33 Cette interprétation est confortée par le fait que la proposition initiale de directive présentée par la Commission employait l'expression "entreprise" et que cette notion était définie à l'article 1er, paragraphe 1, dernier alinéa, de la proposition comme étant l'"unité locale d'emploi". Il apparaît que le Conseil a toutefois décidé de remplacer le terme d'"entreprise" par celui d'"établissement", avec pour conséquence la suppression de la définition initialement contenue dans la proposition, jugée superflue.

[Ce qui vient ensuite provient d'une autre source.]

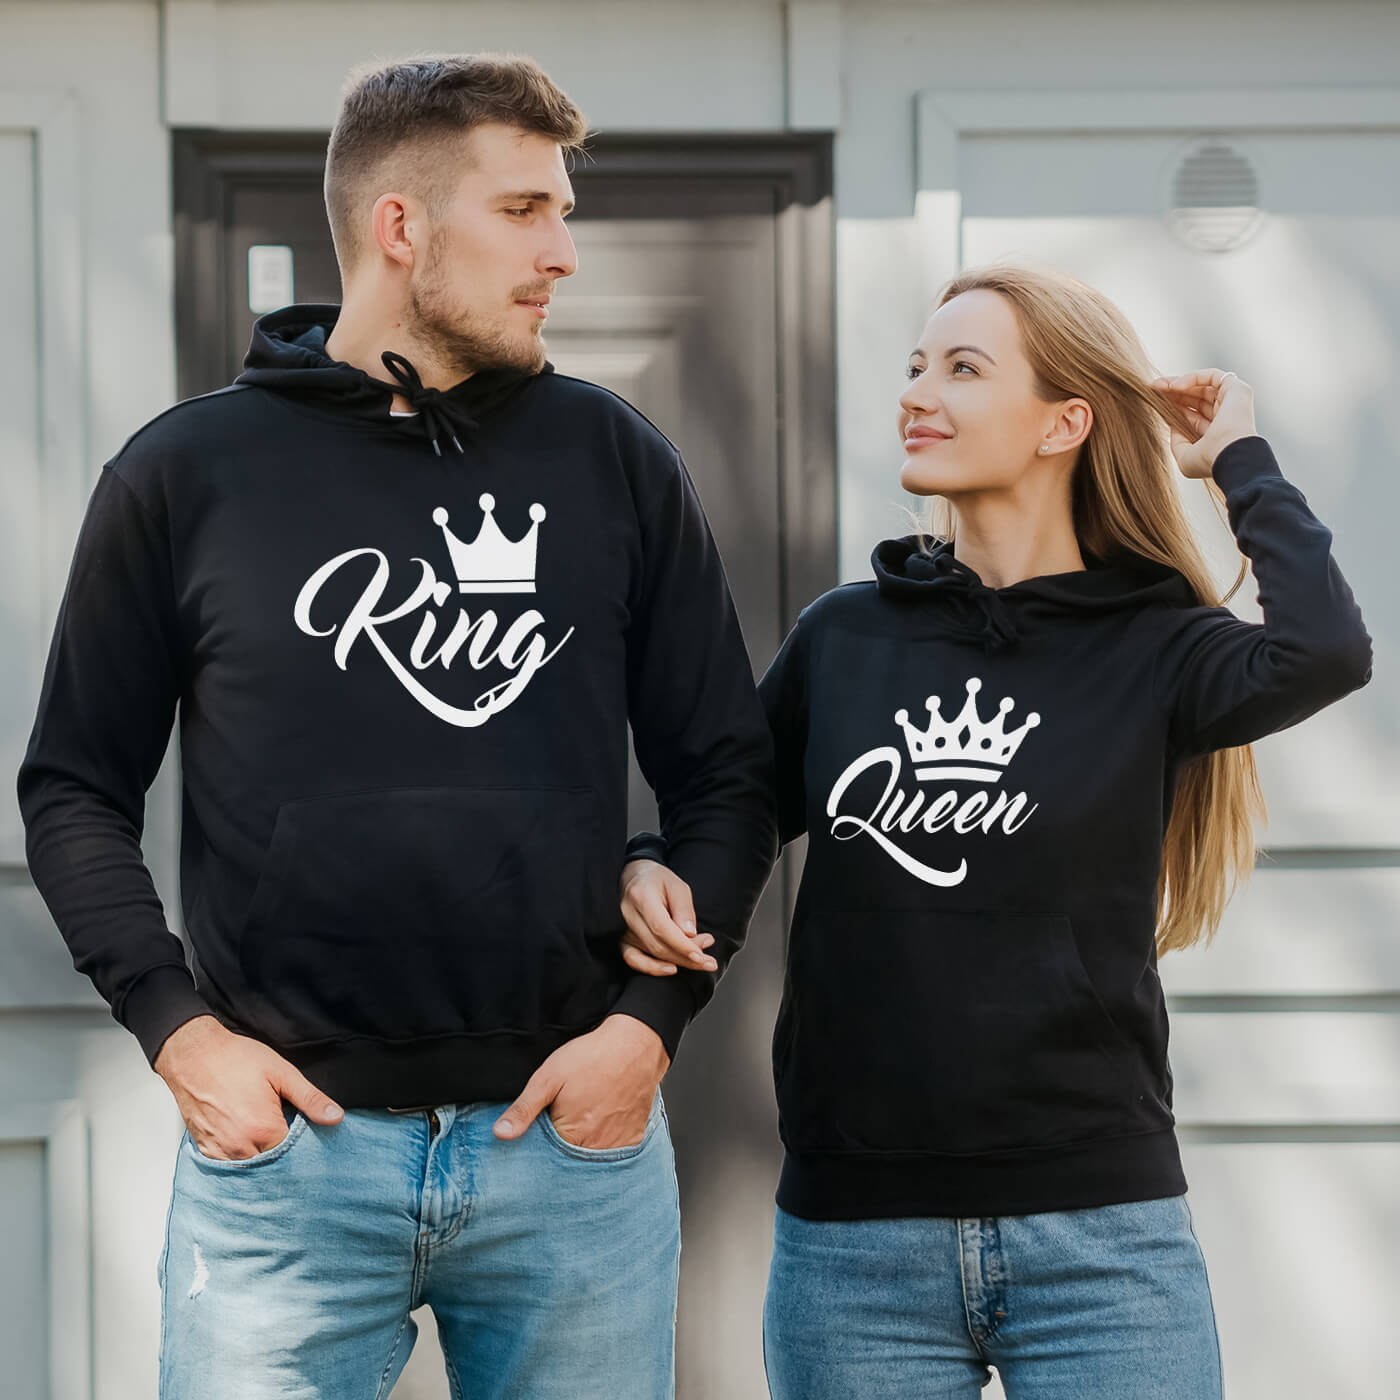 https://vivamake.de/wp-content/uploads/2020/11/black-couple-hoodies-with-print-king-and-queen.jpg

34 Il convient donc de répondre à la seconde partie de la question préjudicielle que, par le terme d'"établissement" figurant à l'article 1er, paragraphe 1, sous a), de la directive, il y a lieu d'entendre, selon les circonstances, l'unité à laquelle les travailleurs concernés par le licenciement sont affectés pour exercer leur tâche. Que l'unité en cause dispose d'une direction pouvant effectuer de manière indépendante des licenciements collectifs n'est pas essentiel à la définition de la notion d'"établissement".

Sur les dépens

35 Les frais exposés par les gouvernements belge et du Royaume-Uni, ainsi que par la Commission des Communautés européennes, qui ont soumis des observations à la Cour, ne peuvent faire l'objet d'un remboursement. La procédure revêtant, à l'égard des parties au principal, le caractère d'un incident soulevé devant la juridiction nationale, il appartient à celle-ci de statuer sur les dépens.

Par ces motifs,

LA COUR (première chambre),

statuant sur la question à elle soumise par l'OEstre Landsret, par ordonnance du 16 novembre 1993, dit pour droit:

1) L'article 1er, paragraphe 1, sous a), de la directive 75/129/CEE du Conseil, du 17 février 1975, concernant le rapprochement des législations des États membres relatives aux licenciements collectifs, doit être interprété en ce sens qu'il ne s'oppose pas à ce que deux ou plusieurs entreprises faisant partie d'un groupe d'entreprises et ayant des liens réciproques, mais dont aucune n'a d'influence prépondérante sur l'autre ou les autres, mettent en place un service commun d'embauche ou de licenciement de sorte que, notamment, les licenciements dans l'une des entreprises ne peuvent avoir lieu qu'avec l'approbation de ce service.

2) Par le terme d'"établissement" figurant à l'article 1er, paragraphe 1, sous a), de la directive précitée, il y a lieu d'entendre, selon les circonstances, l'unité à laquelle les travailleurs concernés par le licenciement sont affectés pour exercer leur tâche. Que l'unité en cause dispose d'une direction pouvant effectuer de manière indépendante des licenciements collectifs n'est pas essentiel à la définition de la notion d'"établissement".